Persistent Insomnia Is Associated With Mortality Risk.

American Journal of Medicine

PubMedID: 25447616

Parthasarathy S, Vasquez MM, Halonen M, Bootzin R, Quan SF, Martinez FD, Guerra S. Persistent Insomnia Is Associated With Mortality Risk. Am J Med. 2015;128(3):268-275.e2.
BACKGROUND
Insomnia has been associated with mortality risk, but whether this association is different in subjects with persistent versus intermittent insomnia is unclear. Additionally, the role of systemic inflammation in such an association is unknown.

METHODS
We used data from a community-based cohort to determine whether persistent or intermittent insomnia, defined based on persistence of symptoms over a six-year period, were associated with death during the following 20-years of follow-up. We also determined whether changes in serum C-reactive protein (CRP) levels measured over two decades between study initiation and insomnia determination were different for the persistent, intermittent, and never insomnia groups.

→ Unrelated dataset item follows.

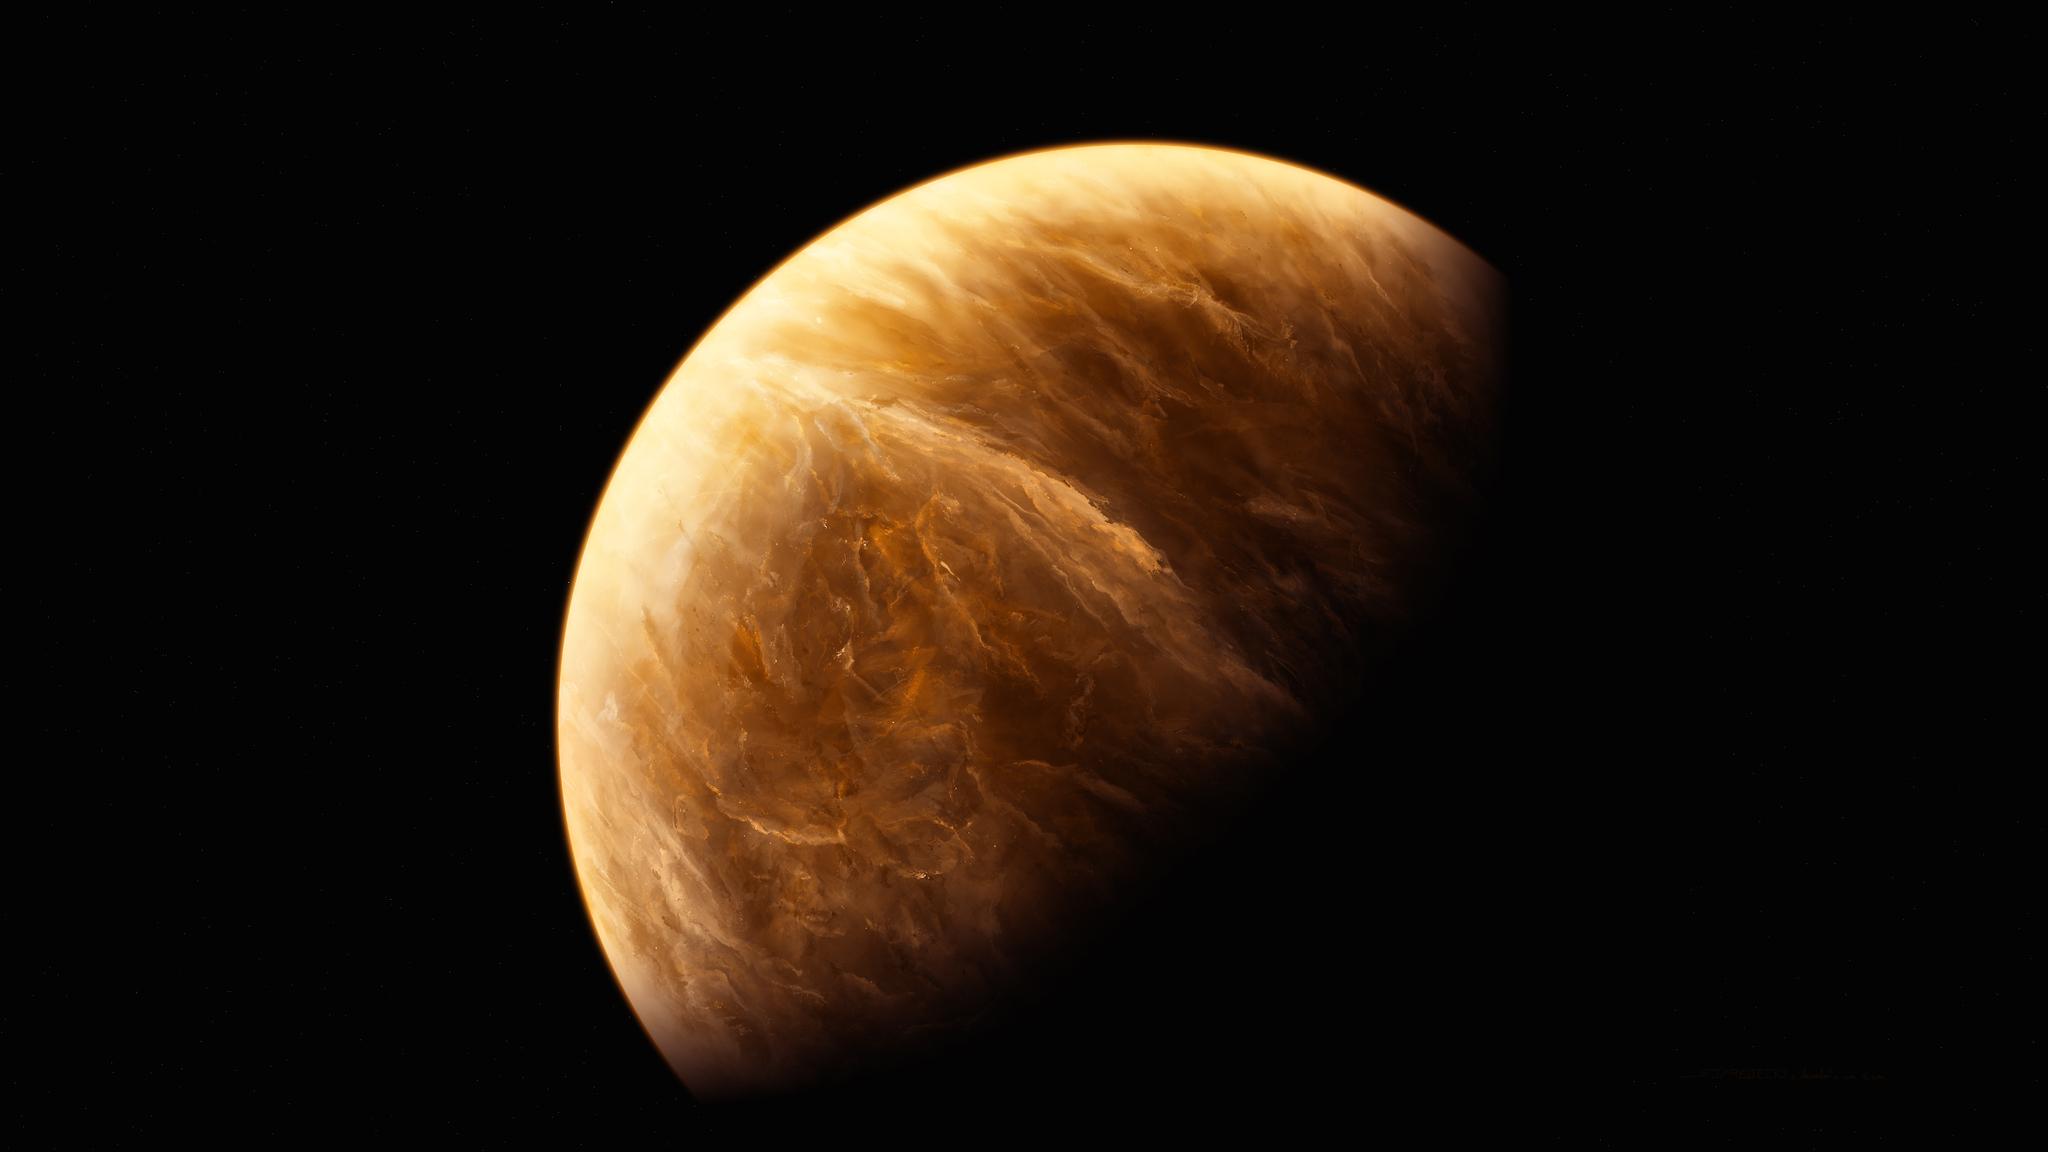 orange-planet-5k-gz.jpg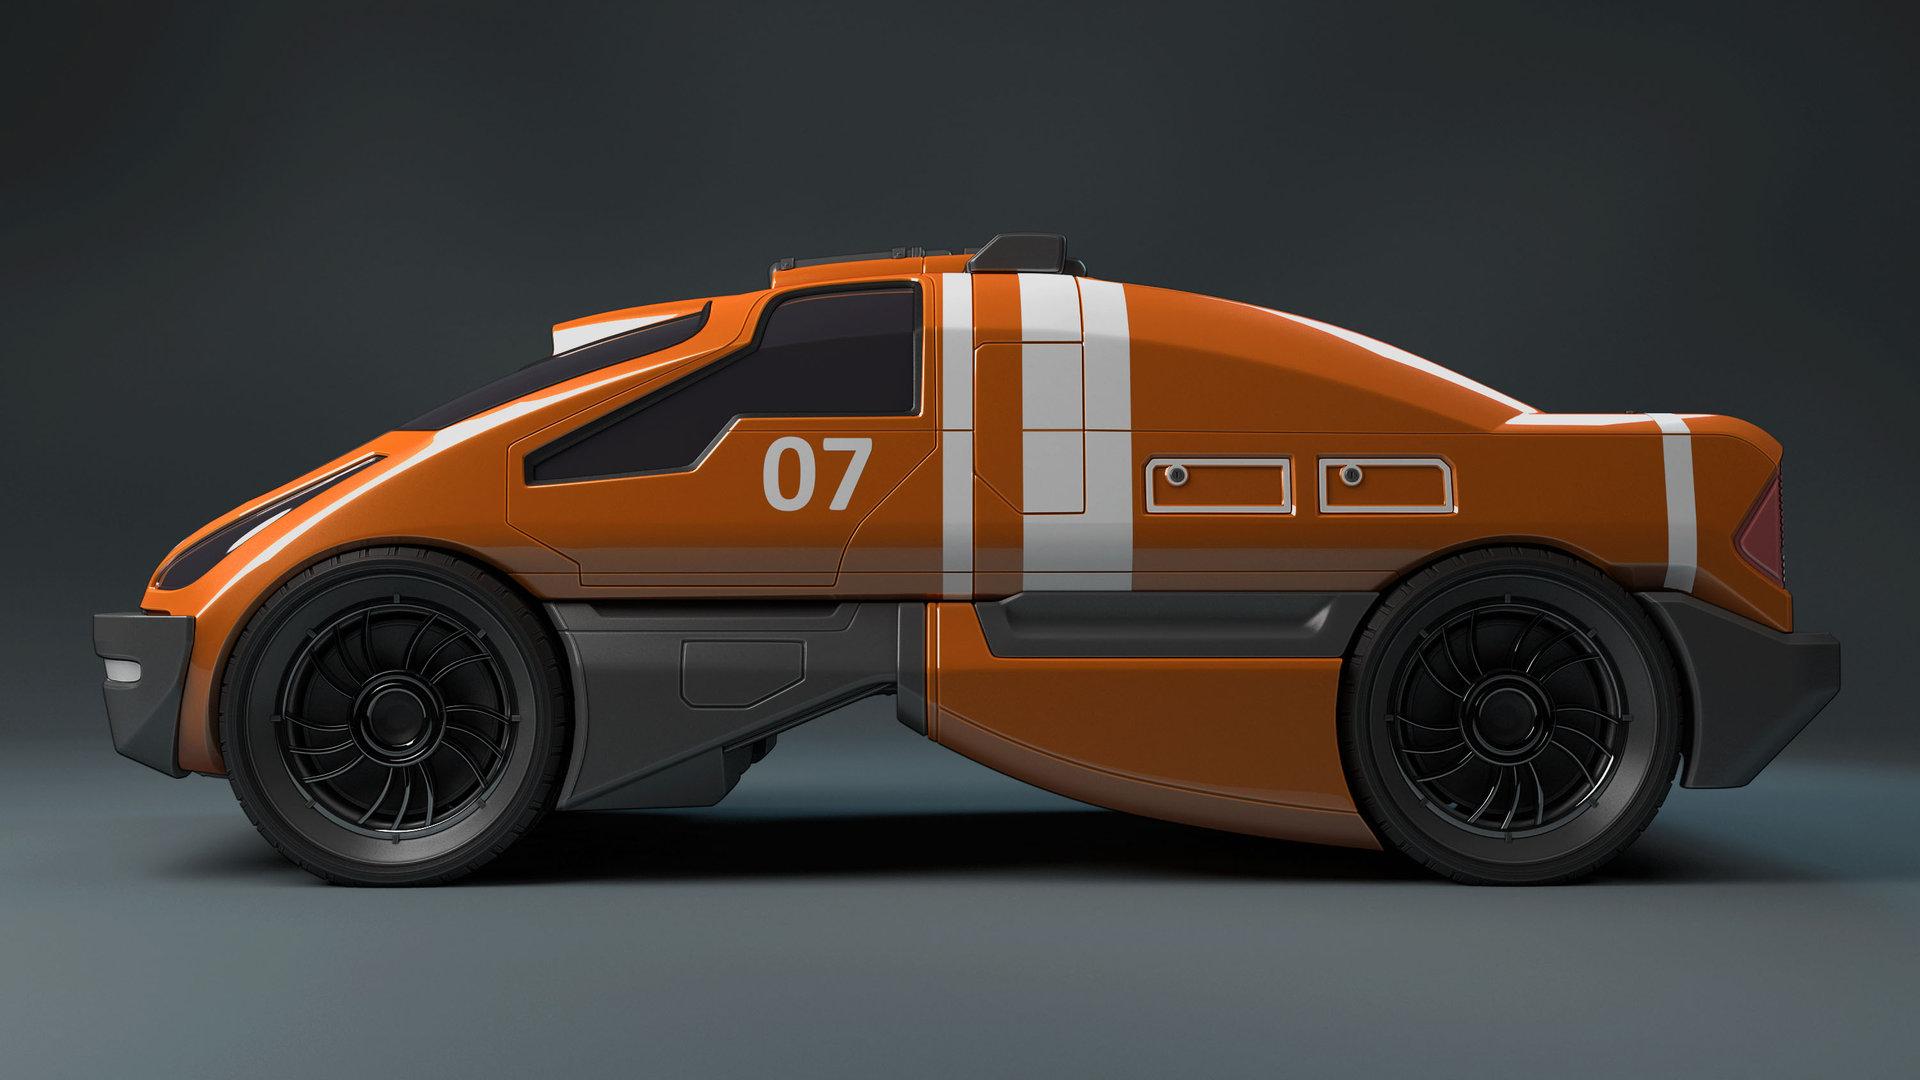 Mark van haitsma concept car side

The results were adjusted for confounders such as age, sex, body mass index, smoking, physical activity, alcohol and sedatives.

RESULTS
Of the 1409 adult participants, 249 (18%) had intermittent and 128 (9%) had persistent insomnia. During a 20-year follow-up period, 318 participants died (118 due to cardiopulmonary disease). In adjusted Cox proportional-hazards models, participants with persistent insomnia (adjusted Hazards Ratio [HR] 1.58, 95%CI: 1.02-2.45) but not intermittent insomnia (HR 1.22, 0.86-1.74), were more likely to die than participants without insomnia. Serum CRP levels were higher and increased at a steeper rate in subjects with persistent insomnia as compared with intermittent (p=0.04) or never (p=0.004) insomnia. Although CRP levels were themselves associated with increased mortality (adjHR: 1.36, 1.01-1.82, p=0.04), adjustment for CRP levels did not notably change the association between persistent insomnia and mortality.

CONCLUSIONS
In a population-based cohort, persistent, and not intermittent, insomnia was associated with increased risk for all-cause and cardiopulmonary mortality and was associated with a steeper increase in inflammation.